In Saskatchewan the struggle for stronger labour laws and property rights including pensions, maternity leave, equal pay, and non-discriminatory treatment in the workplace regardless of gender or marital status, was taken up by women in both the public and private sectors. Early initiatives were supported by the creation of a one- person Women's Bureau in 1964, followed by an expanded Women's Secretariat and the Women's Division of the 1970s. An activist Human Rights Commission, along with enhanced funding for women's groups following the 1971 Royal Commission on the Status of Women, also helped move the agenda forward in the 1970s. Unions, especially the Saskatchewan Federation of Labour and women's groups such as Saskatchewan Working Women, which had active chapters in most corners of Saskatchewan, addressed workplace issues such as sexual harassment, affirmative action, technological change, daycare, pay equity, and the role of women in unions.

Maternity leave, included under the Unemployment Insurance Act in 1971, became a workable reality for Saskatchewan women by 1973, when the province introduced its first Maternity Leave provisions under the Labour Standards Act. The legislation was enforced vigorously for a period of time by the Woman's Division, and made more flexible in 1976 to ensure the right of women to return to their jobs. Waiting periods and the length of benefit period gradually increased through the 1990s, currently coinciding with the federal employment legislation which permits a year's leave. “Equal pay for comparable work” legislation was introduced in 1965, later amended to permit referrals of an equal-pay dispute to the Human Rights Commission, with penalties for non-compliance. Saskatchewan's legislation was seen to be a little stronger than the standard “equal pay for equal work” legislation that was starting to be implemented across the country, and “comparable work” set the stage for “equal pay for similar work” legislation in 1973. Under this provision similar work in the same establishment, requiring similar skill, effort and responsibilities as well as working conditions, paved the way for future debate about equal pay for work of equal value, a concept not yet enacted in Saskatchewan. By 1976 legislation adopted the Saskatchewan Federation of Labour's suggestion that wages of other employees not be reduced to accommodate an equal-pay ruling. Paternity, adoption and bereavement leave, and graduated notice of termination linked to technological change also helped women gain more equal footing in the workplace by the early 1980s.

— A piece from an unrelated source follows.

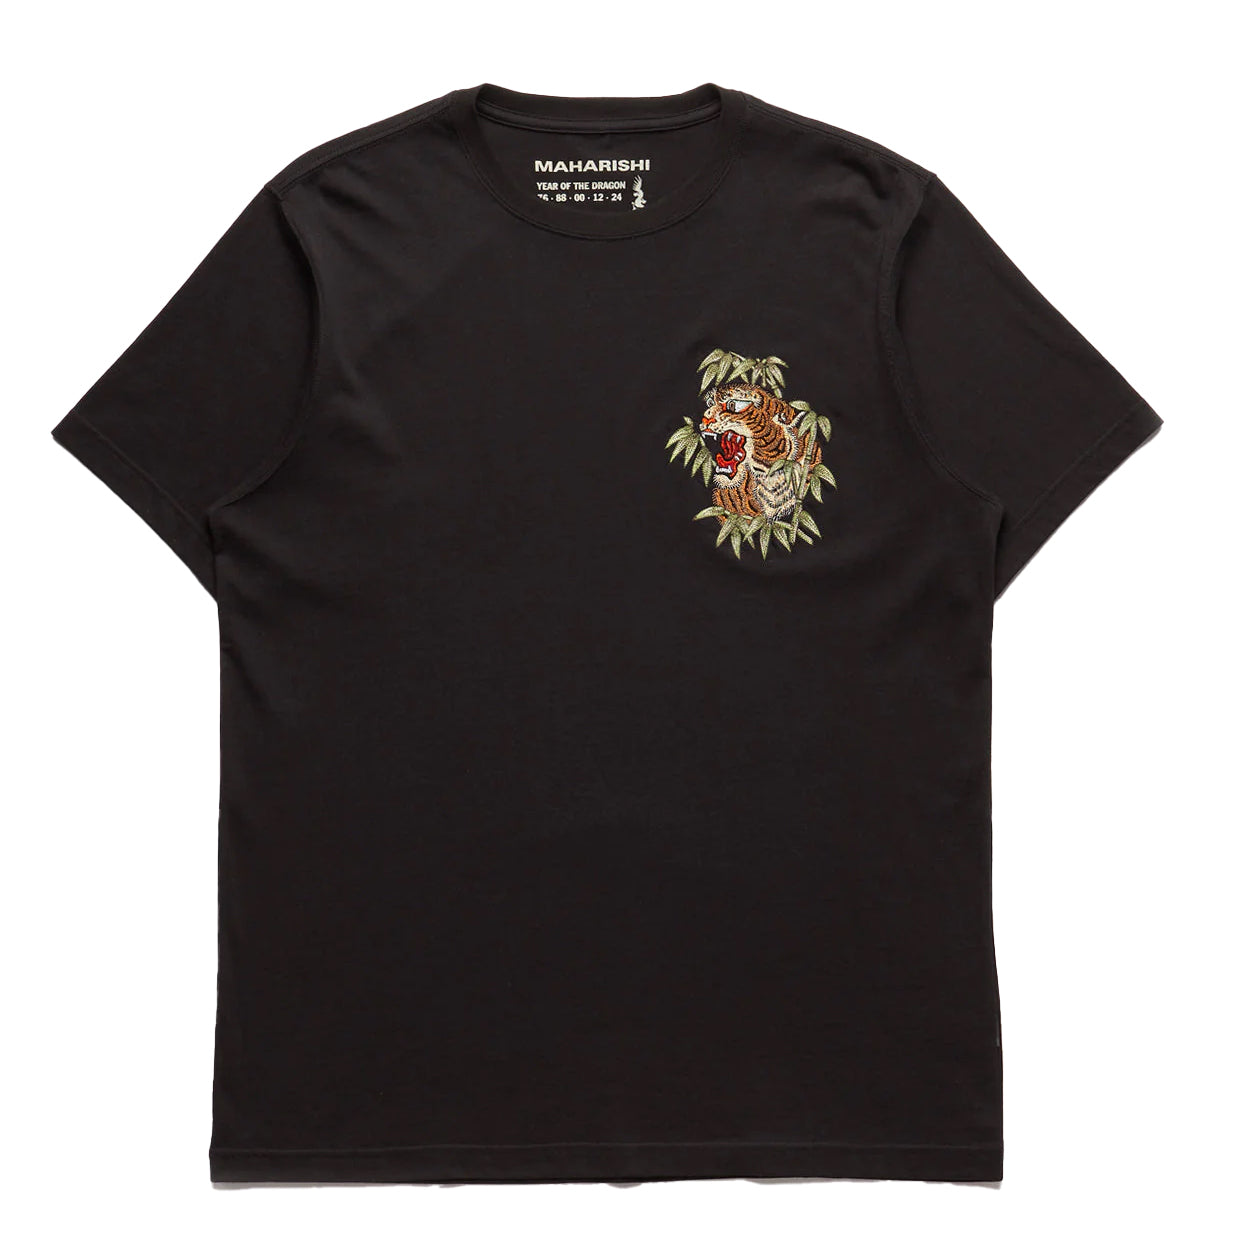 Maharishi Maha Tiger T-Shirt Black

Other changes to legislation included the enforcement of Maintenance Orders in 1986, and the introduction of a Saskatchewan Family Income Plan (FIP) in the early 1970s. FIP, when first introduced in the mid-1970s, was designed to ensure that children would not fall below the poverty line if their family income was no higher than minimum wage. Governments allowed it to be eroded by not building in an inflation factor, but later it helped establish a model on which to build the National Child Tax Benefit. The Saskatchewan Women's Division, unions, and community women's groups also played a significant role in mobilizing women to support the inclusion of the equality provision in the Constitutional amendments of 1983, including a Charter of Rights that led to the gradual elimination of discriminatory clauses in many pieces of legislation. Noteworthy were changes to widow's benefits under the Workers' Compensation Act (benefits were eliminated on remarriage), and pension benefit legislation (pensions died with the contributor - usually the husband).

Despite improvements, Saskatchewan women still face inequality in the working world whether the work is paid or unpaid. In terms of work in the home, studies consistently show women doing more unpaid work than men. Working women still earn less than 70% of men's wages, and their participation in the paid work force is still lower than men's (60% versus 72%).